P2y12 inhibitor monotherapy after 1–3 months dual antiplatelet therapy in patients with coronary artery disease and chronic kidney disease undergoing percutaneous coronary intervention: a meta-analysis of randomized controlled trials

1. Introduction

Dual antiplatelet therapy (DAPT) is the primary treatment for coronary artery disease (CAD) patients following percutaneous coronary intervention (PCI). DAPT exerts its effects by suppressing platelet activation and aggregation, thereby reducing ischemic cardiovascular events. However, a previous meta-analysis that investigated the effects of varying durations of DAPT after PCI found that standard DAPT, as compared to short-term DAPT, was generally associated with increased bleeding risk (1). Recent studies have also shown that short-duration P2Y₁₂ inhibitor monotherapy, administered after 1–3 month of DAPT, resulted in lower bleeding rates and similar ischemic events when compared to 12 months or longer DAPT (2–4). Given the trade-off between ischemic and bleeding risks, de-escalation of DAPT duration has emerged as an alternative therapy (5), which is now recommended as an option in the current guidelines (6–8).
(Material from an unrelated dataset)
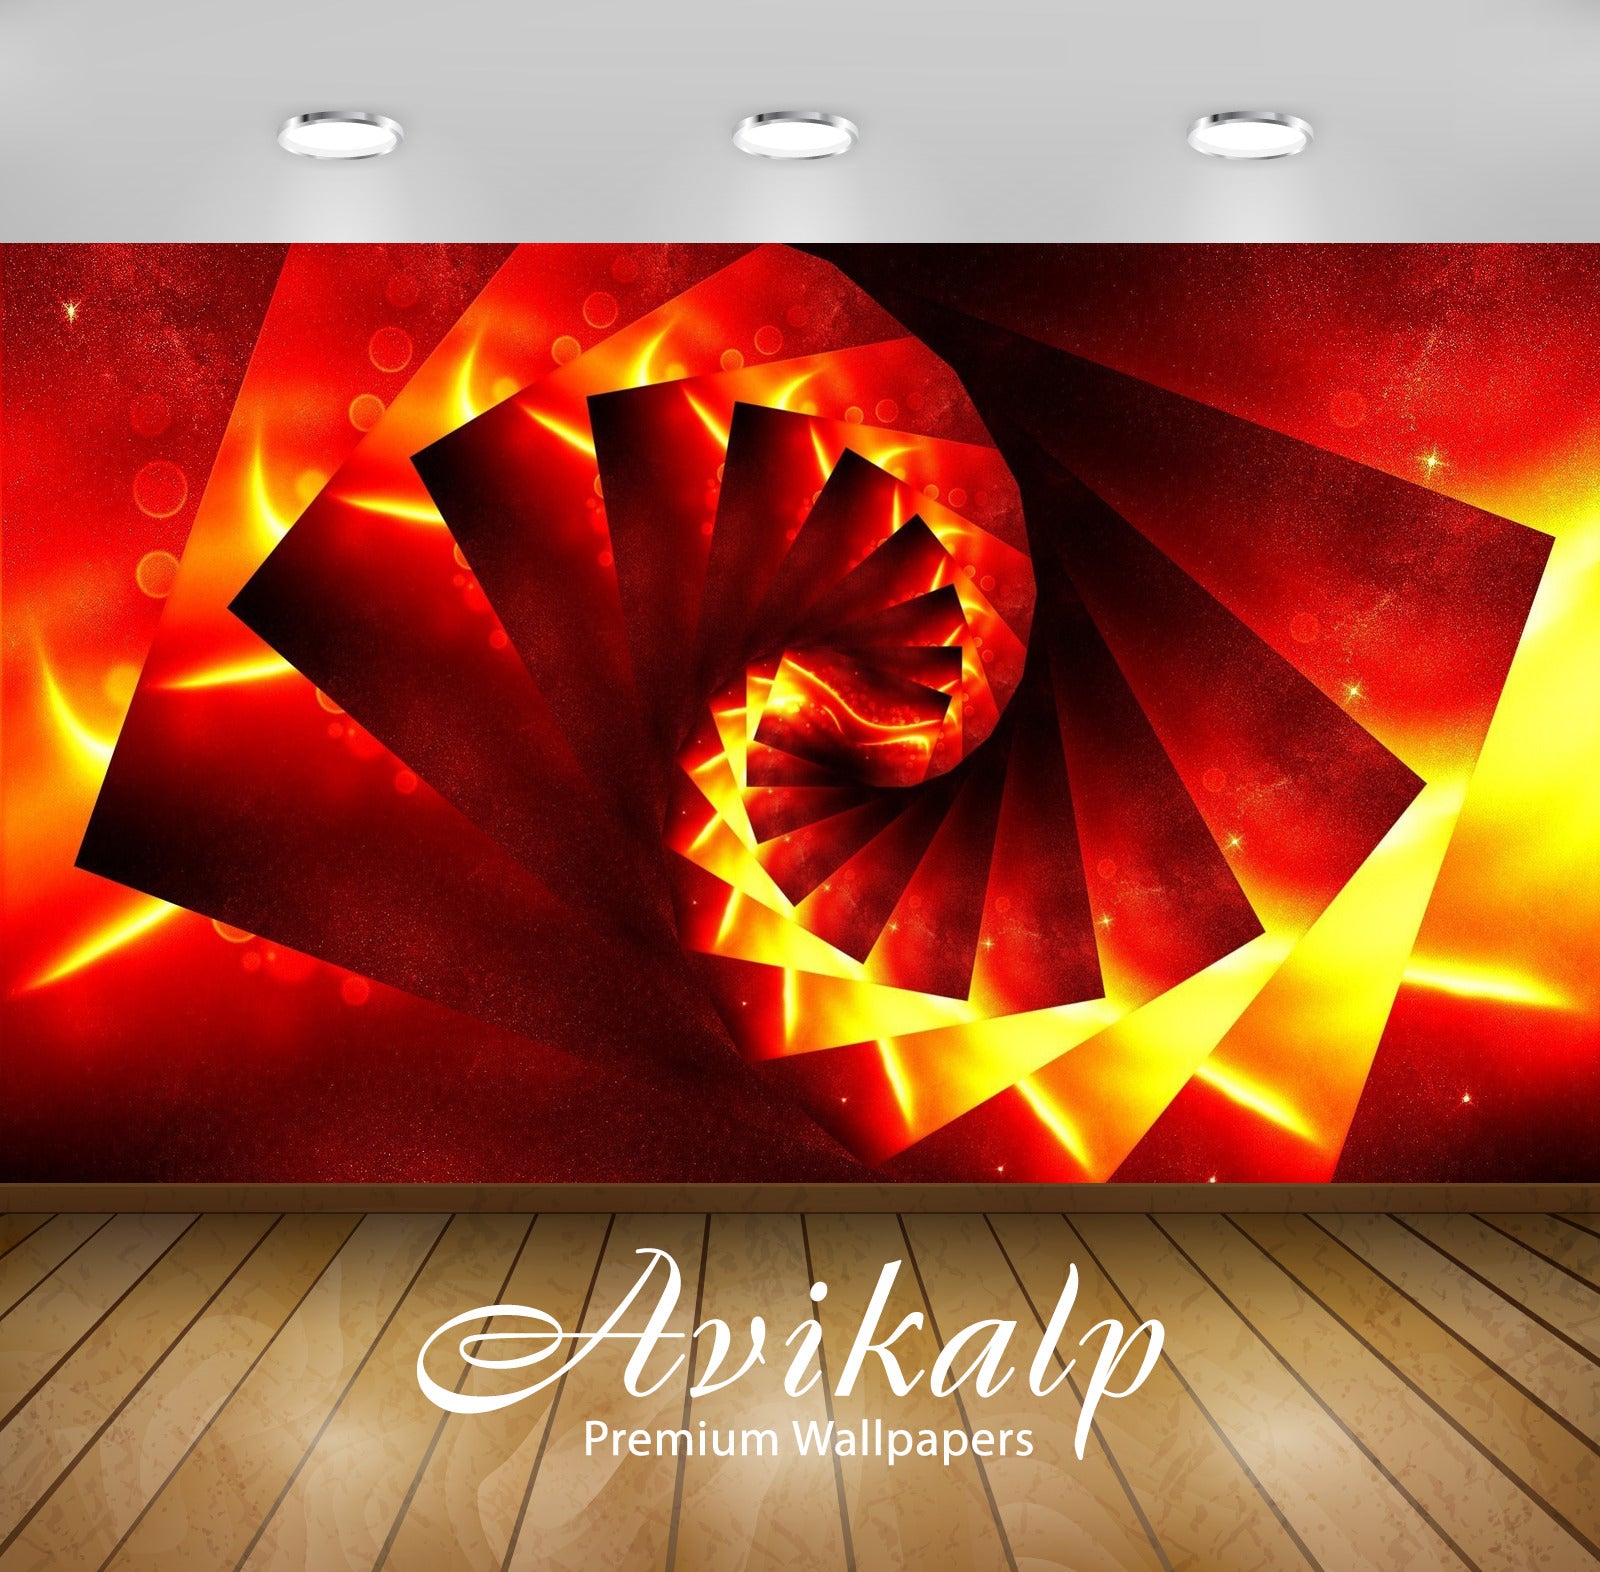 Avikalp Exclusive Awi4473 Lava Spiral Full HD Wallpapers for Living room, Hall, Kids Room, Kitchen,

Patients with CAD and chronic kidney disease (CKD) face a higher risk of bleeding and ischemic events, which significantly impacts clinical prognosis (9). Thus, antiplatelet treatment for these patients requires extra caution to balance the risks of bleeding and ischemia. Despite the high prevalence of CAD and CKD coexistence, previous clinical trials rarely included these patients (10). Additionally, CKD patients experience bleeding events more frequently, especially severe events like intracranial hemorrhage, compared to those without CKD. Nonetheless, the optimal duration of DAPT for this high-risk subgroup remains unclear. Therefore, we conducted a meta-analysis to assess the safety and effectiveness of P2Y₁₂ inhibitor monotherapy after 1–3 months of DAPT in patients with CAD and CKD.

2. Methods

This study strictly adheres to the guideline of Preferred Reporting Items for Systematic Reviews and Meta-Analyses (PRISMA) (11), and has already registered in the PROSPERO (Number: CRD42022355228).

2.1. Study selection

Two independent researchers (YQY and JWL) conducted PubMed, Embase, and the Cochrane Library searches to identify eligible studies from the inception of each database to September 1, 2022. The search items included “percutaneous coronary intervention”, “P2Y₁₂ inhibitor monotherapy”, “dual antiplatelet”, “drug-eluting stent”, “randomized controlled trial” and “chronic kidney disease” in different combinations. The inclusion criteria of the studies are as follows (1): randomized controlled comparison between P2Y₁₂ inhibitor monotherapy after a maximum of 3 months of DAPT vs. DAPT for at least 12 months (2); population includes CKD patients undergoing PCI with drug-eluting stents for stable CAD or ACS. Only publications in English were included. CKD was defined as an estimated glomerular filtration rate of less than 60 ml/min per 1.73 m² of body-surface area. Studies for which the full text was unavailable or without sufficient valid data were excluded. Furthermore, we also reviewed the references of the included articles and the relevant review articles. The search details were provided in Supplementary Table S1.

2.2. Outcomes

The primary outcome was the incidence of major adverse cardiovascular events (MACEs), defined as a composite of all-cause mortality, myocardial infarction, stent thrombosis, target-vessel revascularization, or stroke at the individual trial protocol–defined follow-up. The safety outcome was the major bleeding events, defined as a composite of Bleeding Academic Research and Consortium (BARC) type 2, 3, or 5 bleeding, or thrombolysis in myocardial infarction (TIMI) major bleeding.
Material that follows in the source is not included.